Sent from my XT1080 using Tapatalk


----------



## Tbomb55 (Nov 27, 2008)

whitey7 said:


> My fist yak was a pescador 10. I liked it, but got caught up in the larger is better craze. The pescador 10 footer paddled and tracked just fine for me. I only noticed a little bit of side to side wobble when i paddled it hard. I do have more of a vertical paddle stroke, as opposed to a horizontal stroke. The things that i did not like about the pescador were the molded in foot braces, and the lack of a good seat. Both problems, the tarpon 100 fixed.


I believe the "pro" version of the Pescador 10 fixed those issues as well.


----------



## whitey7 (Aug 20, 2014)

Tbomb55 said:


> I believe the "pro" version of the Pescador 10 fixed those issues as well.

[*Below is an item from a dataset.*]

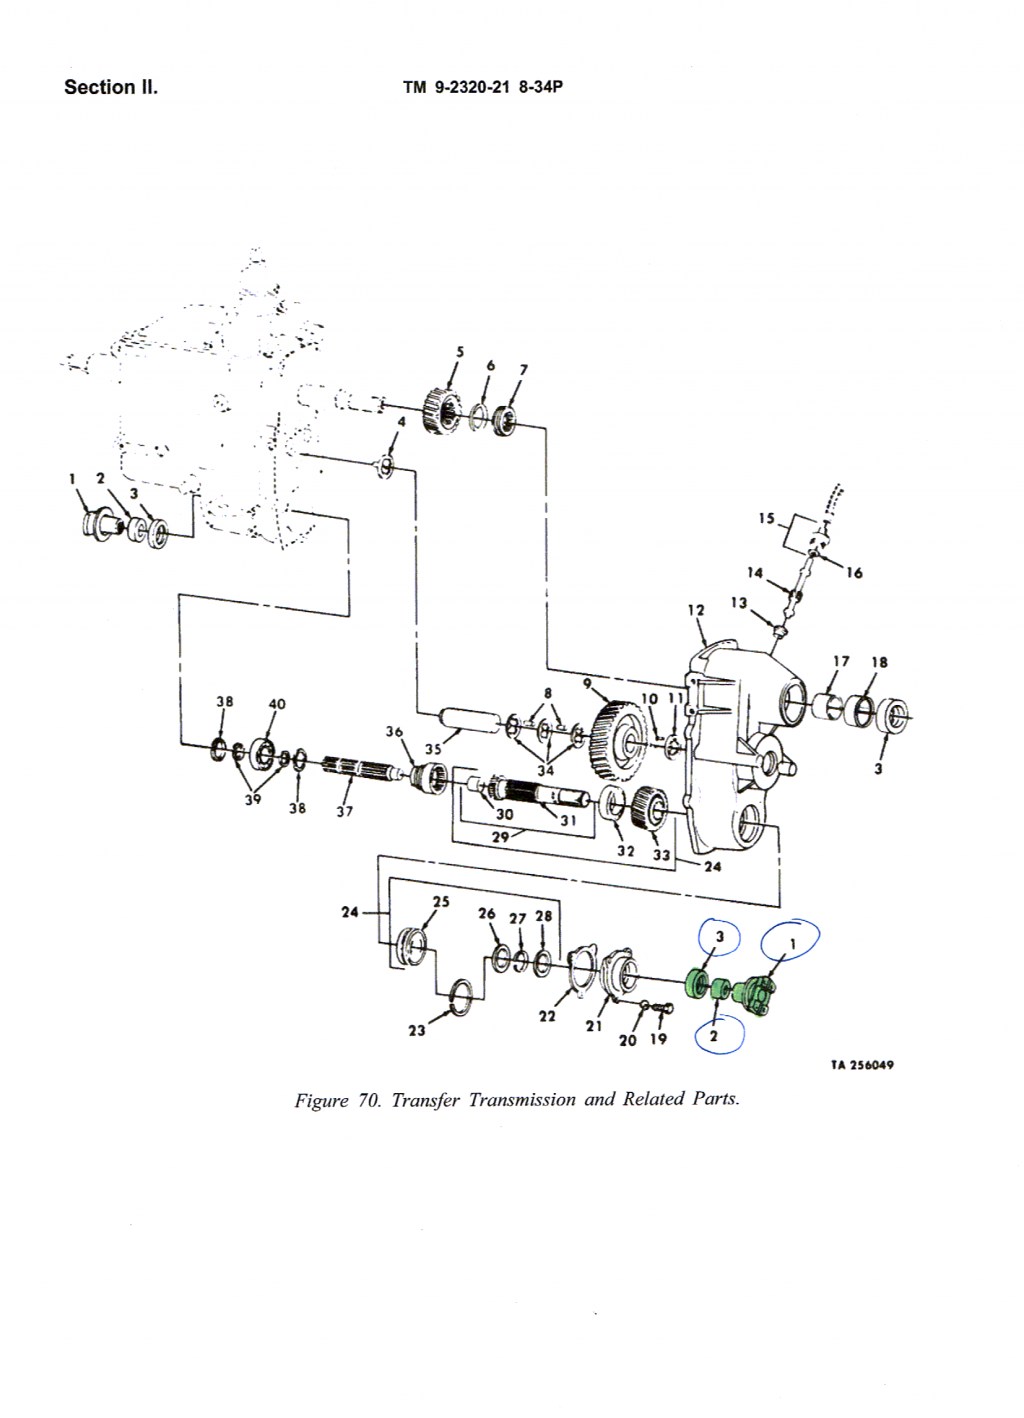 jeep wrangler jk fog light wiring diagram  jeep  auto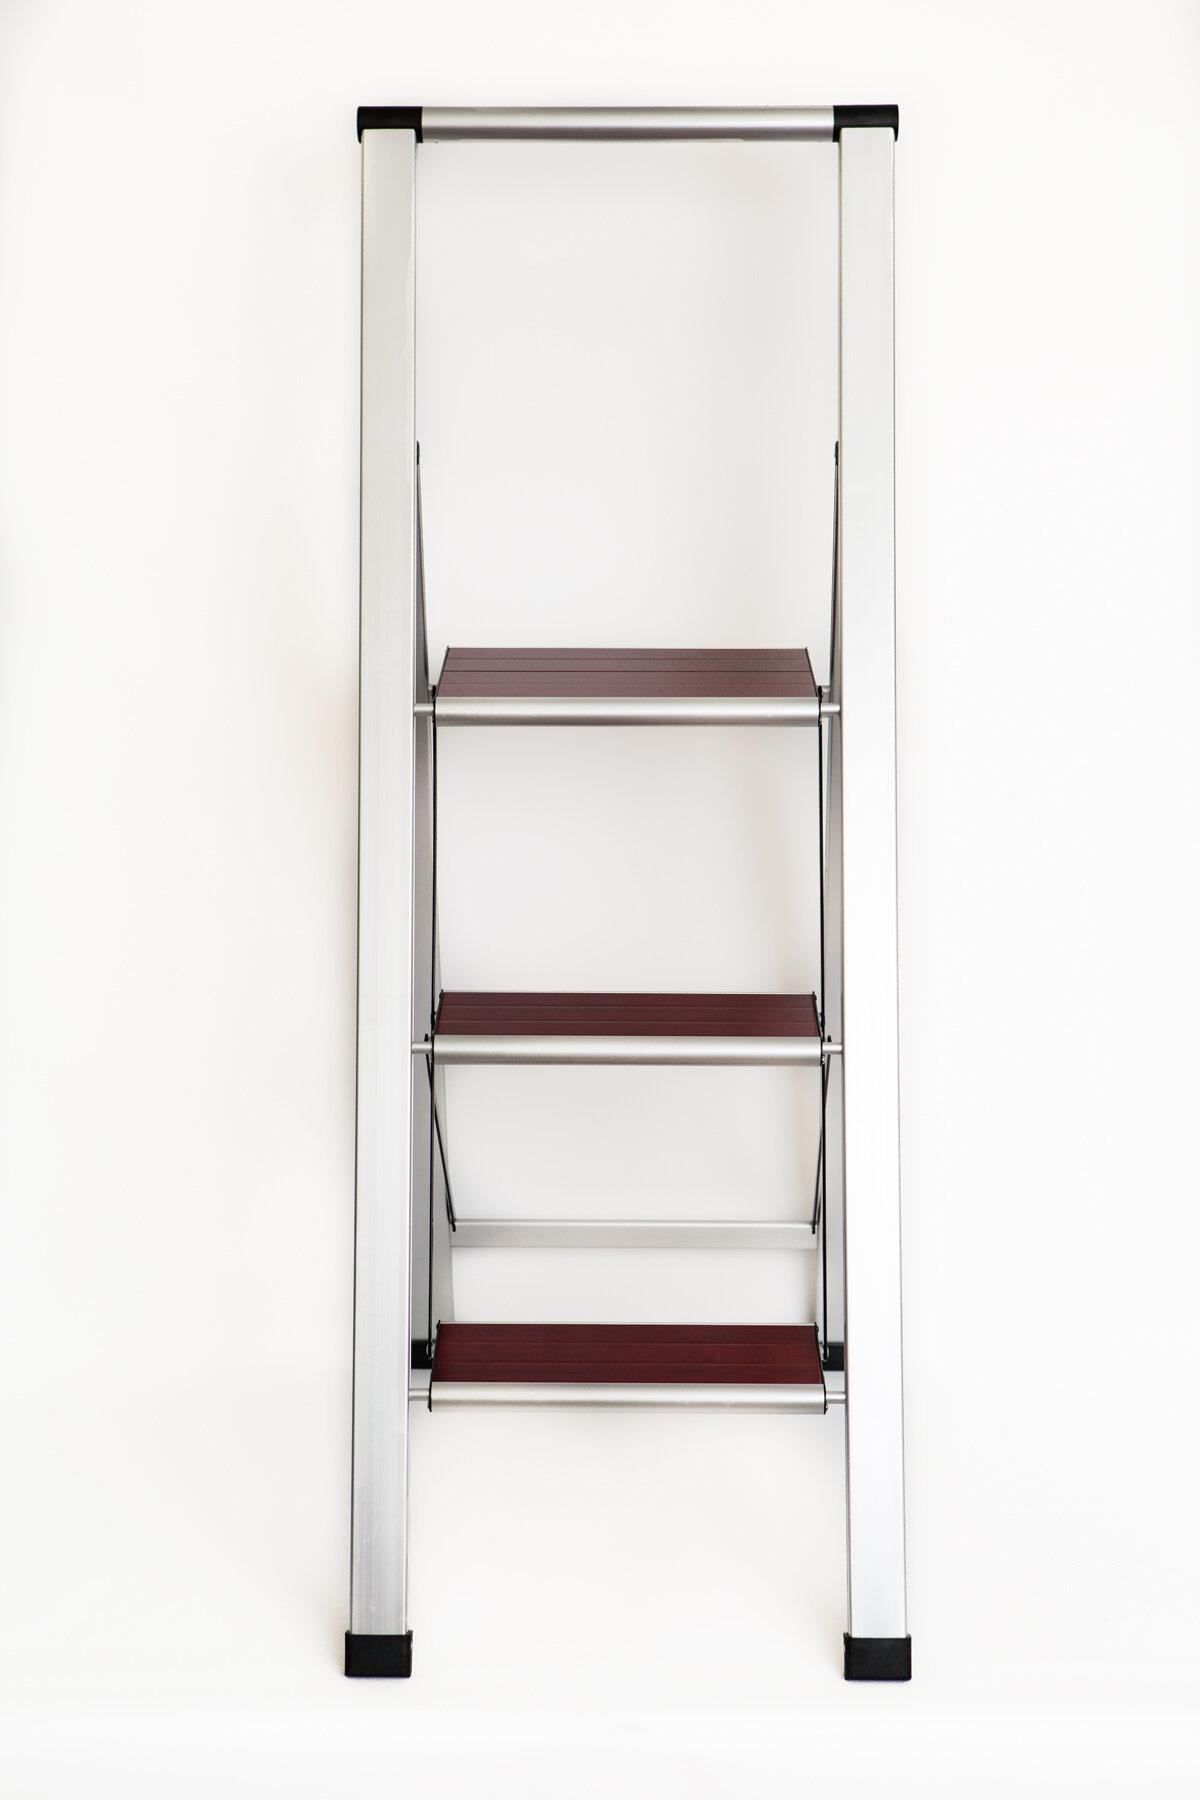 Super Emanuel Folding 3 Step Wood Step Stool With 250 Lb Load Capacity Evergreenethics Interior Chair Design Evergreenethicsorg

Yes that is another yak that I'm looking into. I'm not sure if it will bug me, but there is no front dry hatch on the pescador pro. I guess I could use a dry bag under the front mesh cover.


----------



## Tbomb55 (Nov 27, 2008)

whitey7 said:


> Yes that is another yak that I'm looking into. I'm not sure if it will bug me, but there is no front dry hatch on the pescador pro. I guess I could use a dry bag under the front mesh cover.


----------



## Tbomb55 (Nov 27, 2008)

Thinking about one myself as I will be handing off my old Mini X to my son. Austin Canoe and Kayak (ack.com) offers free shipping,no sales tax and will price match btw. I will probably order through them.


----------



## whitey7 (Aug 20, 2014)

Well it's official, I have to get another kayak. I sold the cruise 12. If anyone has a wilderness tarpon 100 for sale let me know. I'm leaning towards the tarpon, pescador pro 10, or maybe even a cruise 10. I want a 10 footer and would like the weight to be around 50-55 lbs. I paddle recreationally mostly, but would like to be able to fish comfortably from it. I typically fish from a boat, but I would fish from the yak for a few hours after work or during the weekend. I'm not looking for something to do a weekend trip with.


----------